В момент грандиозных событий руководителем России оказался Б. Ельцин, о котором как у нас, так и за рубежом сформировалась обширная литература, в том числе и мемуаристика. Разумеется, деятельность первого президента России – это события совсем недавнего прошлого, и большинство россиян хорошо помнят и этот период, и все эпизоды, характеризующие его. А для тех, кто наблюдал за Россией со стороны, итог деятельности Б. Ельцина подвел известный британский журналист и политолог М. Симпсон в газете «Гардиан»: «Б. Ельцин довел бóльшую часть своего народа до невообразимой нищеты, одновременно фантастически обогатив свою клику.
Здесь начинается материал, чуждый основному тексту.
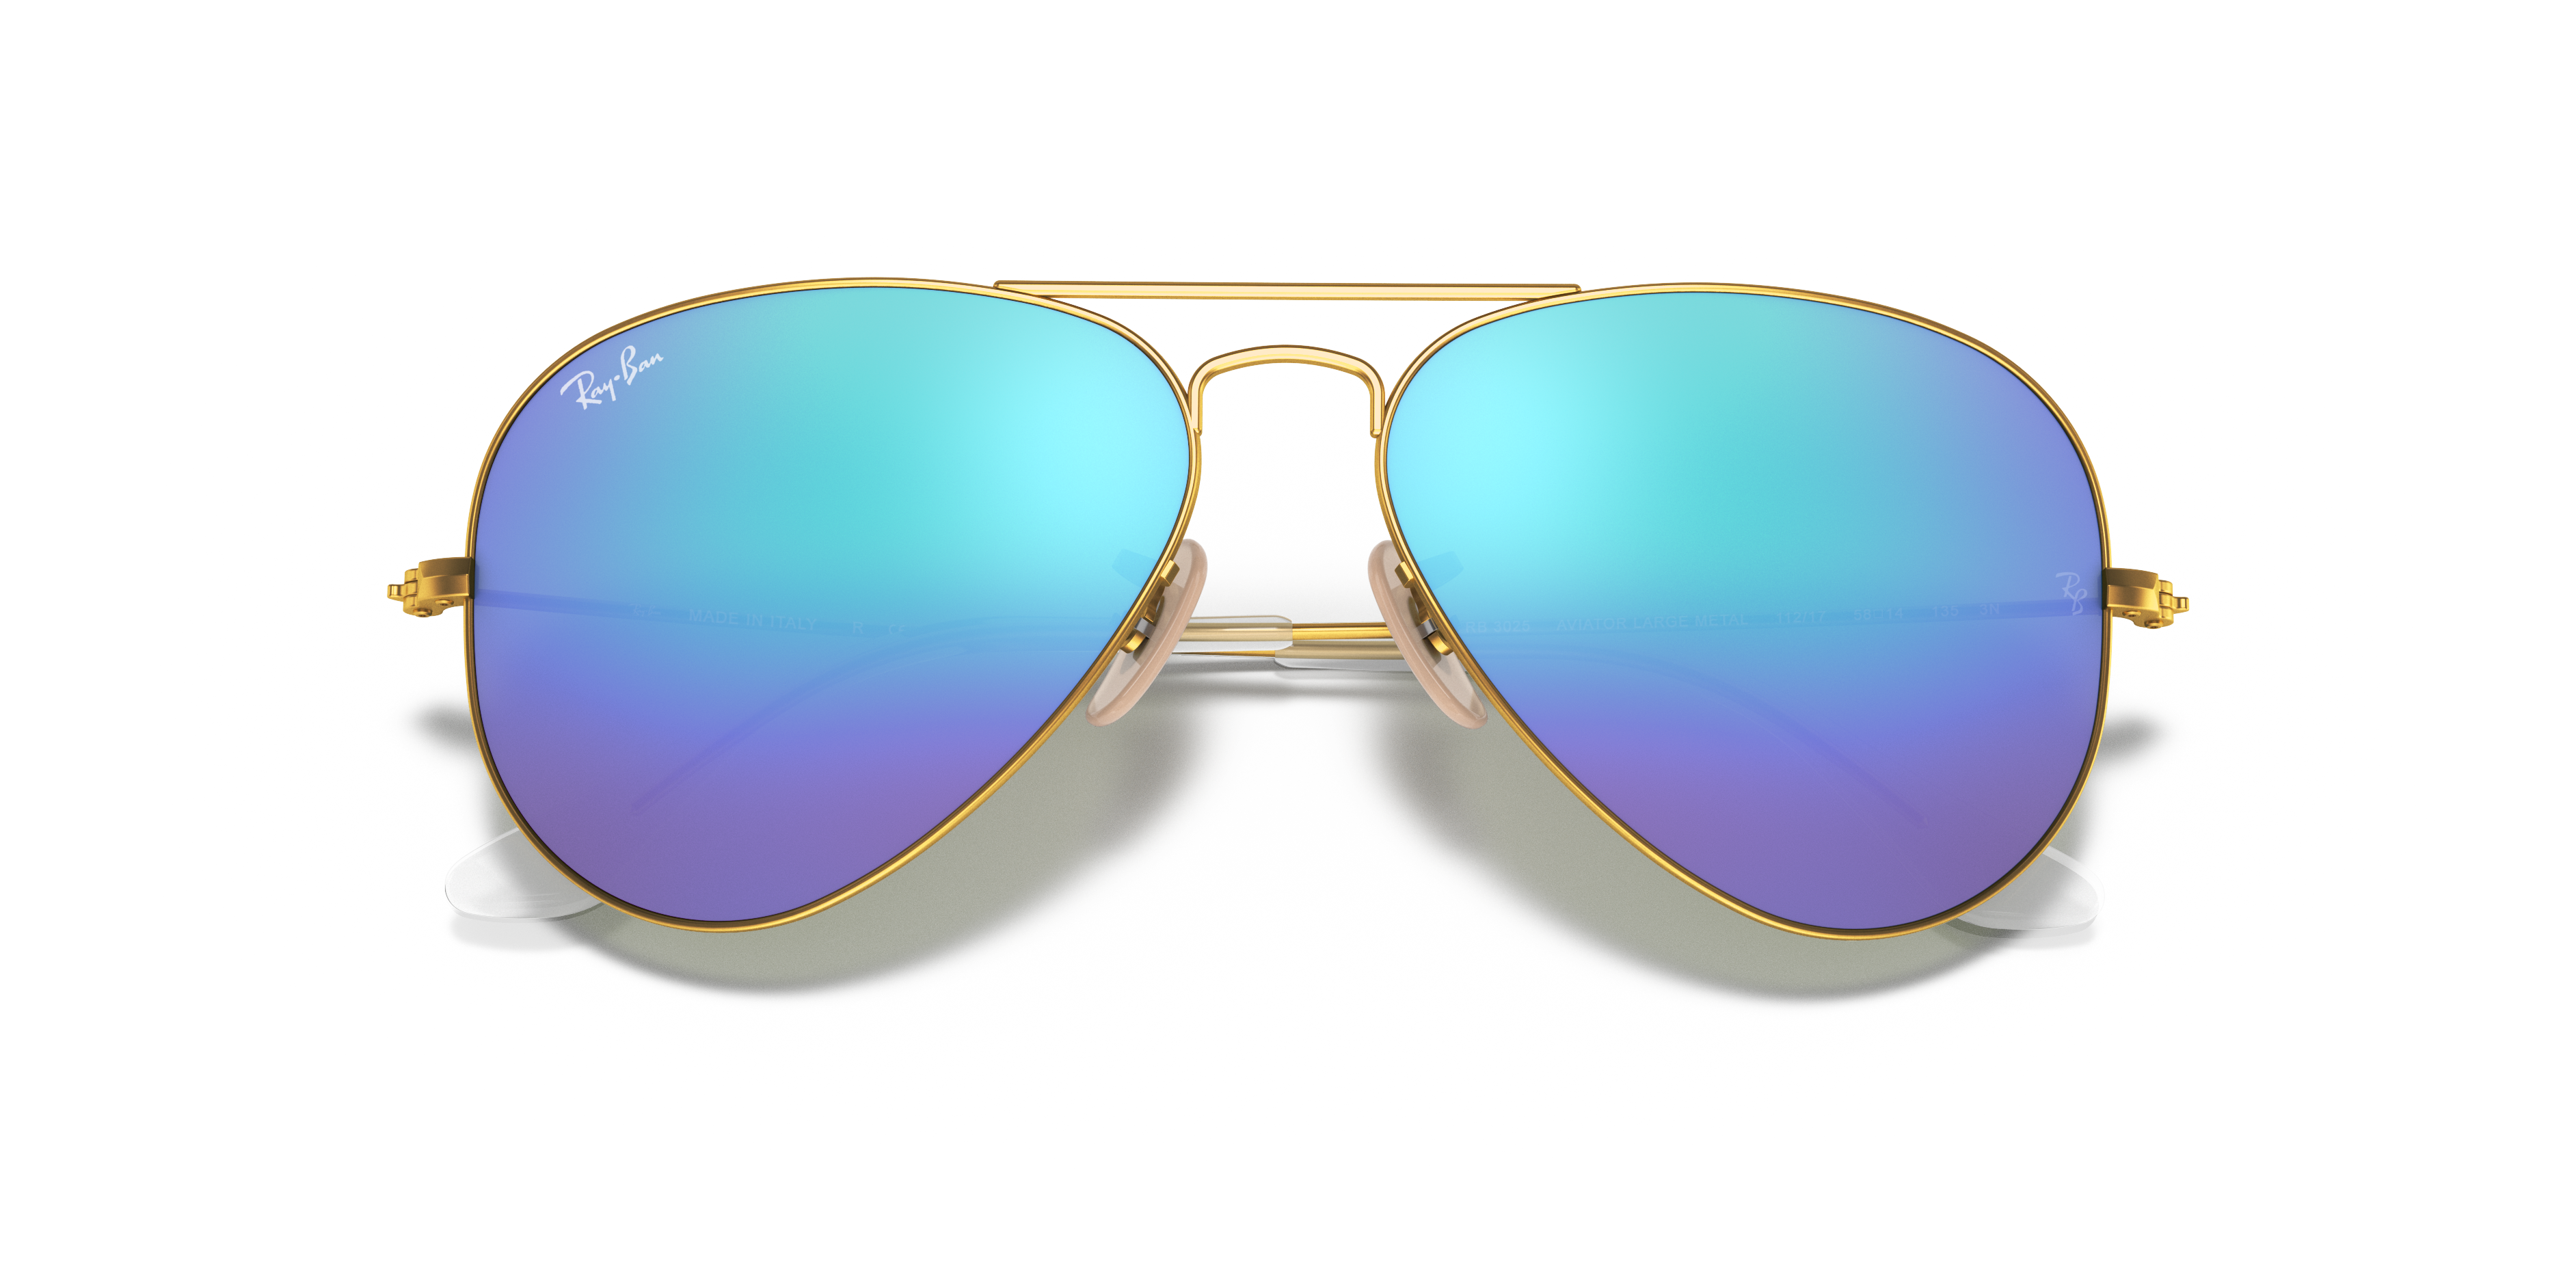 New Aviator Hangover Style Sunglasses Skiing Blocker HD Amber Yellow Blu Lens 
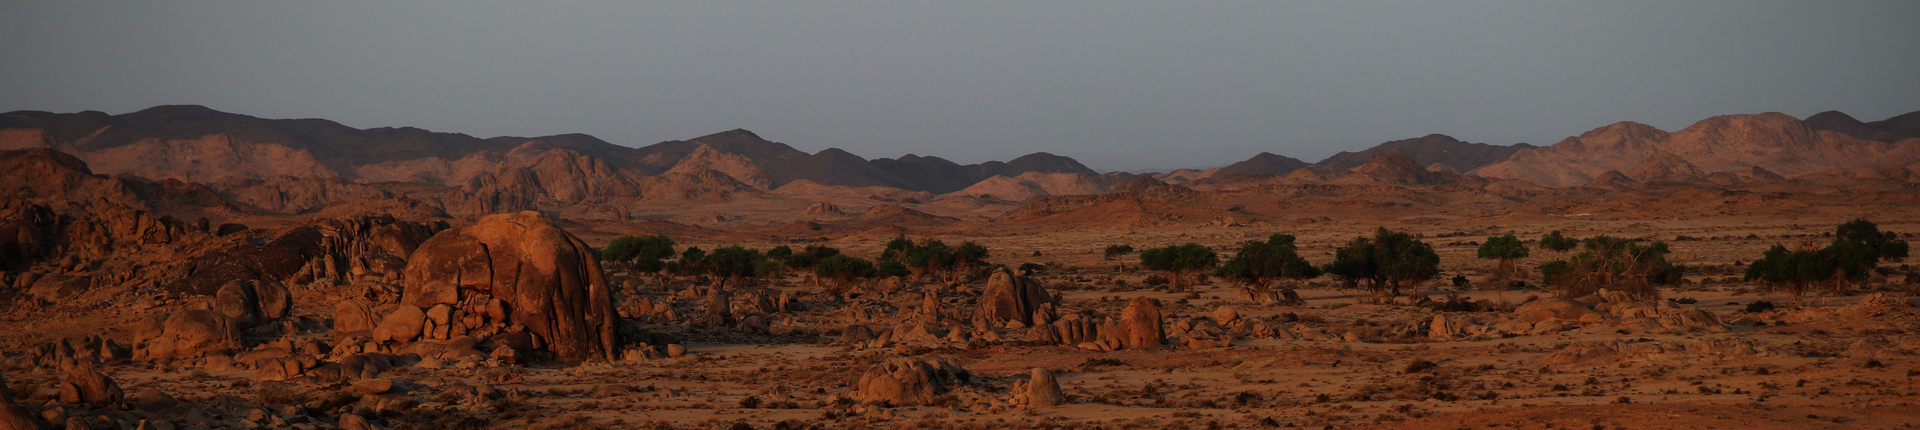 Wüste Gobi Foto: J. Wunderlich

Президент, который ограбил целое поколение, украв их пенсии, опустил уровень жизни и урезал на десятки лет среднюю продолжительность жизни российских мужчин… Человек, начавший свою карьеру популиста с кампаний против коррупции партийных функционеров, позже стал главой страны такой широкомасштабной коррупции и бандитизма, какие не имеют аналогов в мировой истории… Он не только пресмыкался перед западными интересами, но и руководил почти окончательным уничтожением своей страны»12. Можно привести свидетельство Т. Грэхема, одного из руководителей посольства США в период 1991–1997 гг.: «Ельцин делал такие уступки США, которые не соответствовали мнению большинства россиян. У нас была уверенность, что мы можем им манипулировать, как того захотим»13. Еще более откровенно высказался в своих мемуарах «Русская рука» С. Тэлботт, курировавший тогда в Госдепартаменте США отношения с Россией: «Ельцин всегда воспринимал дипломатию как спектакль. А когда он был пьян, его спектакли напоминали бурлеск». Причем, как следует из содержания книги, пьян Ельцин был практически всегда, в том числе и на важнейших переговорах, затрагивавших судьбы нашей страны [3, c. 422–423].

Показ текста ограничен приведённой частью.